Verbatim copy, pictures excluded: every line from the one with "СМИ придумали интервью" through the final line of the data below, and no other line.

- **DATASET EXTRACT**:
□ □ □
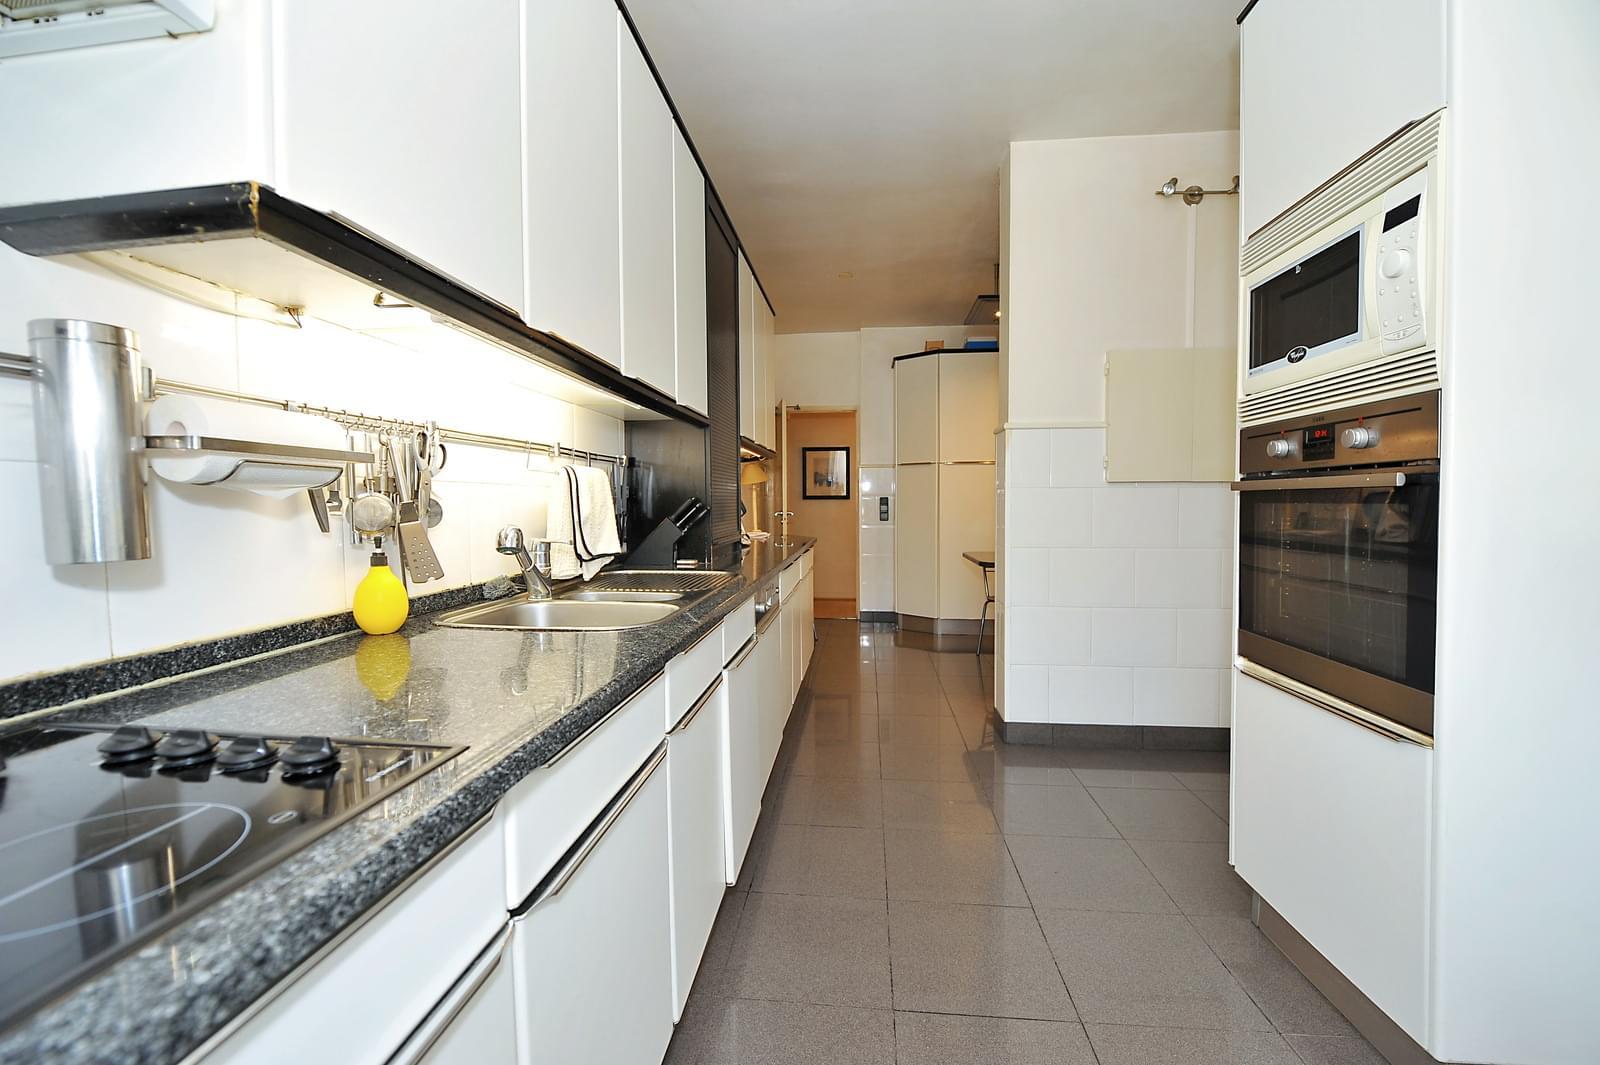 pf17071-apartamento-t4-oeiras-ce97d5d5-493a-4e06-951e-0069b07f10bf
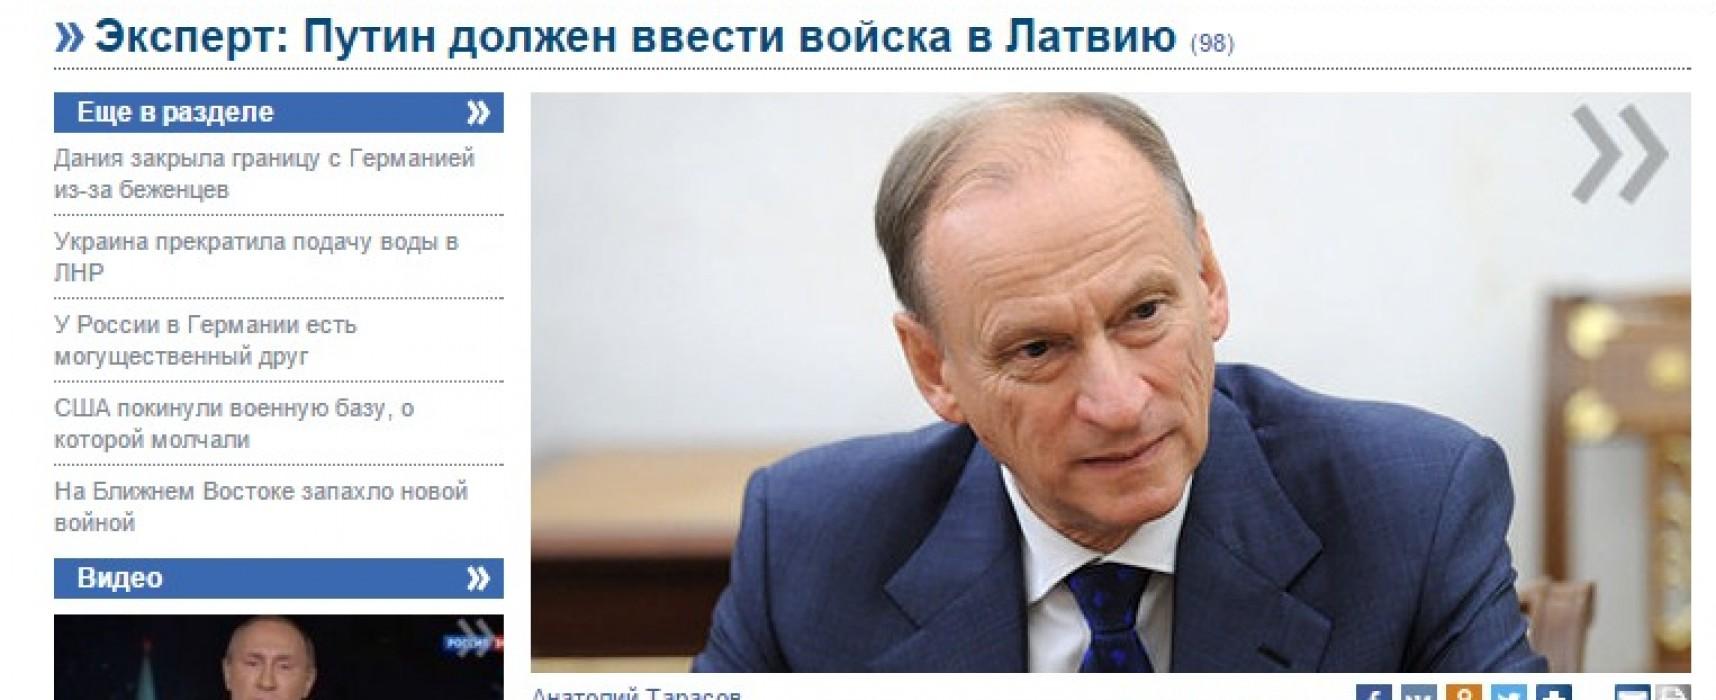 СМИ придумали интервью с секретарем Совбеза РФ
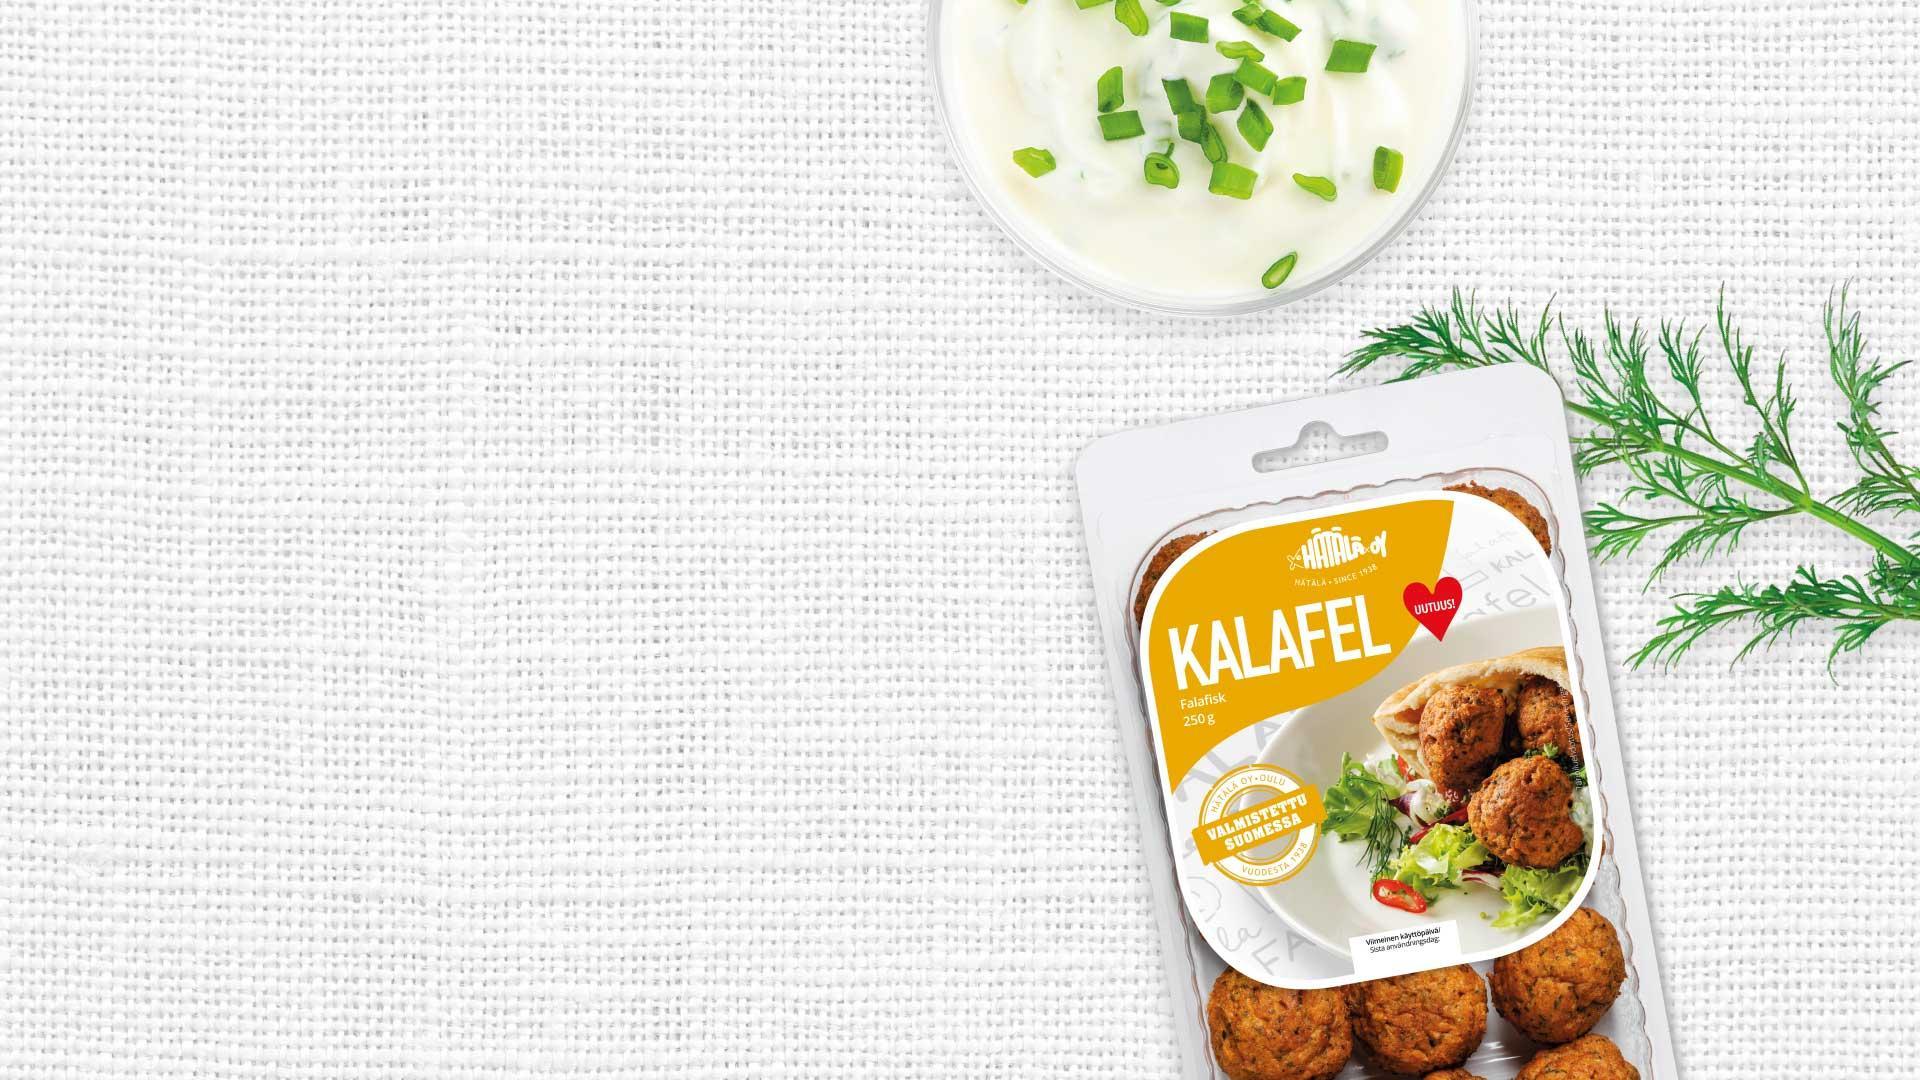 Hätälä Kalafel 250g pakkaus pöytäliinan päällä| Kalatuotteet | Hätälä
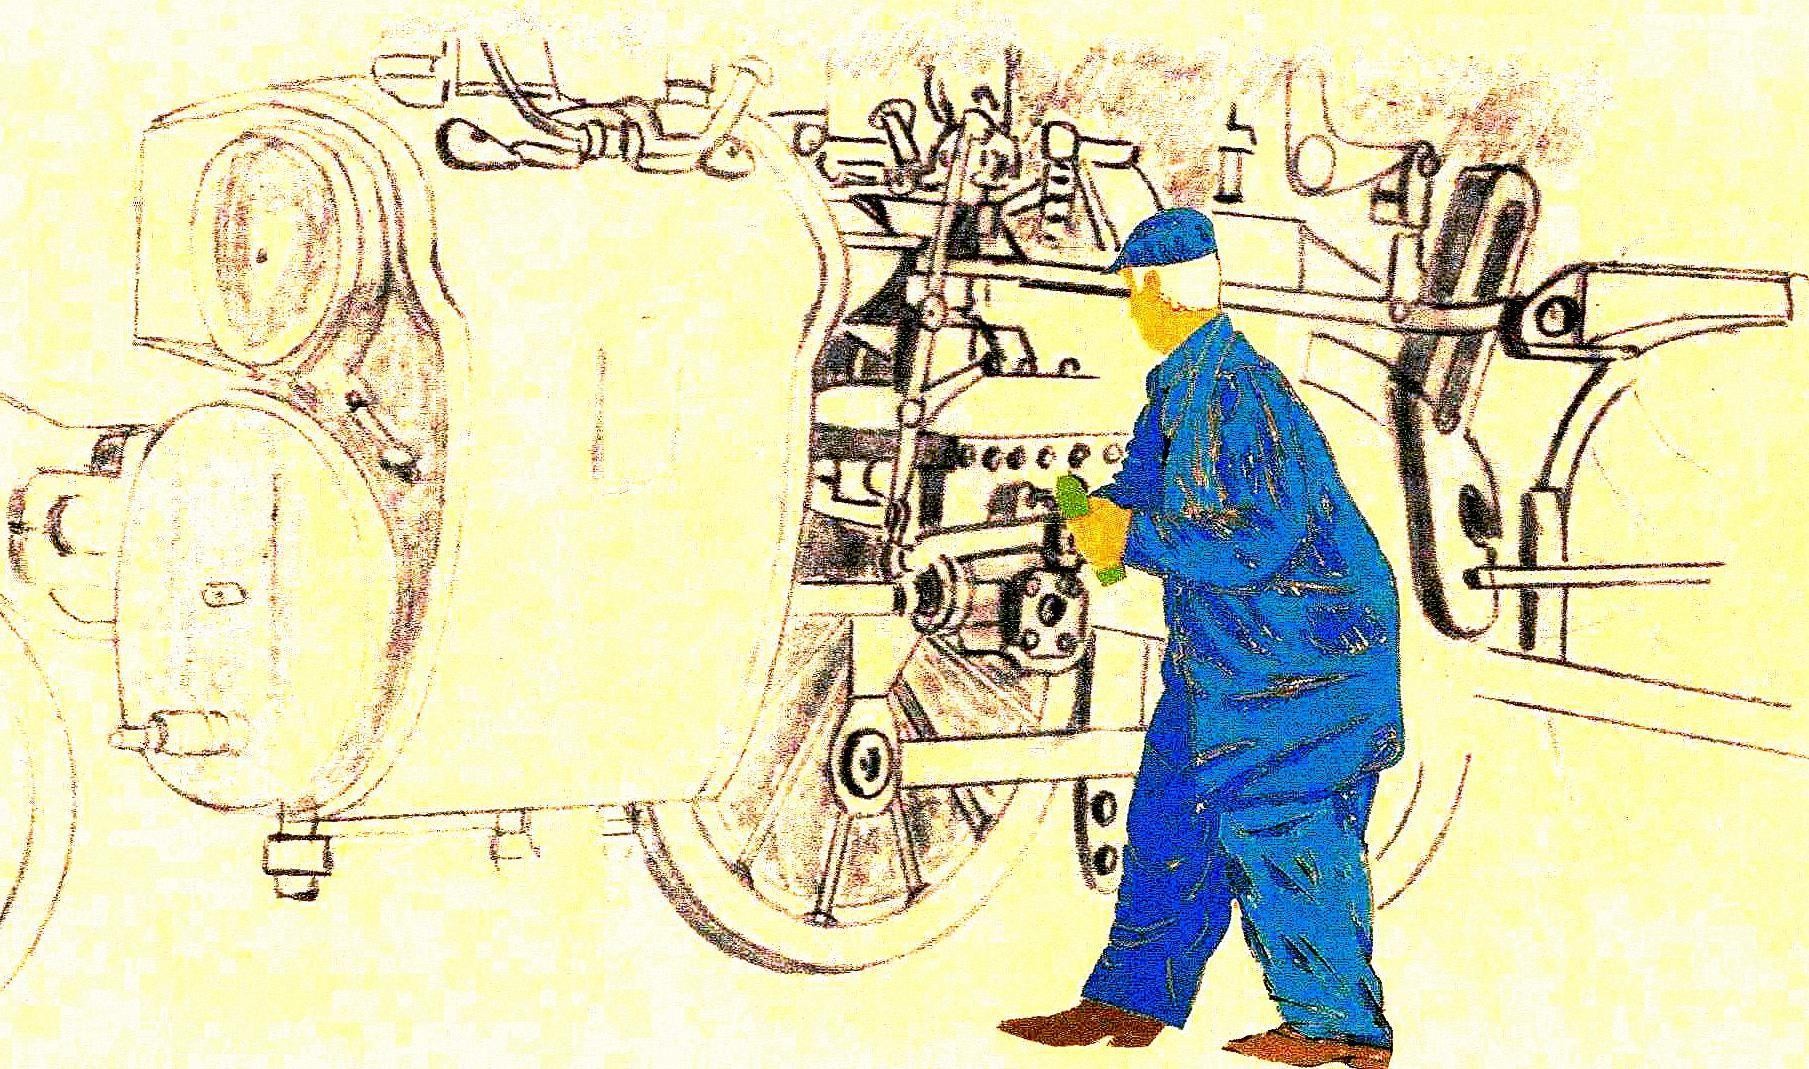 Dessin Mécanicien Devant Les Roues De La Locomotive À tout Dessin 4 Roues
□ □ □
- **RESPONSE TO THIS EXERCISE**:
 СМИ придумали интервью с секретарем Совбеза РФ
 Hätälä Kalafel 250g pakkaus pöytäliinan päällä| Kalatuotteet | Hätälä
 Dessin Mécanicien Devant Les Roues De La Locomotive À tout Dessin 4 Roues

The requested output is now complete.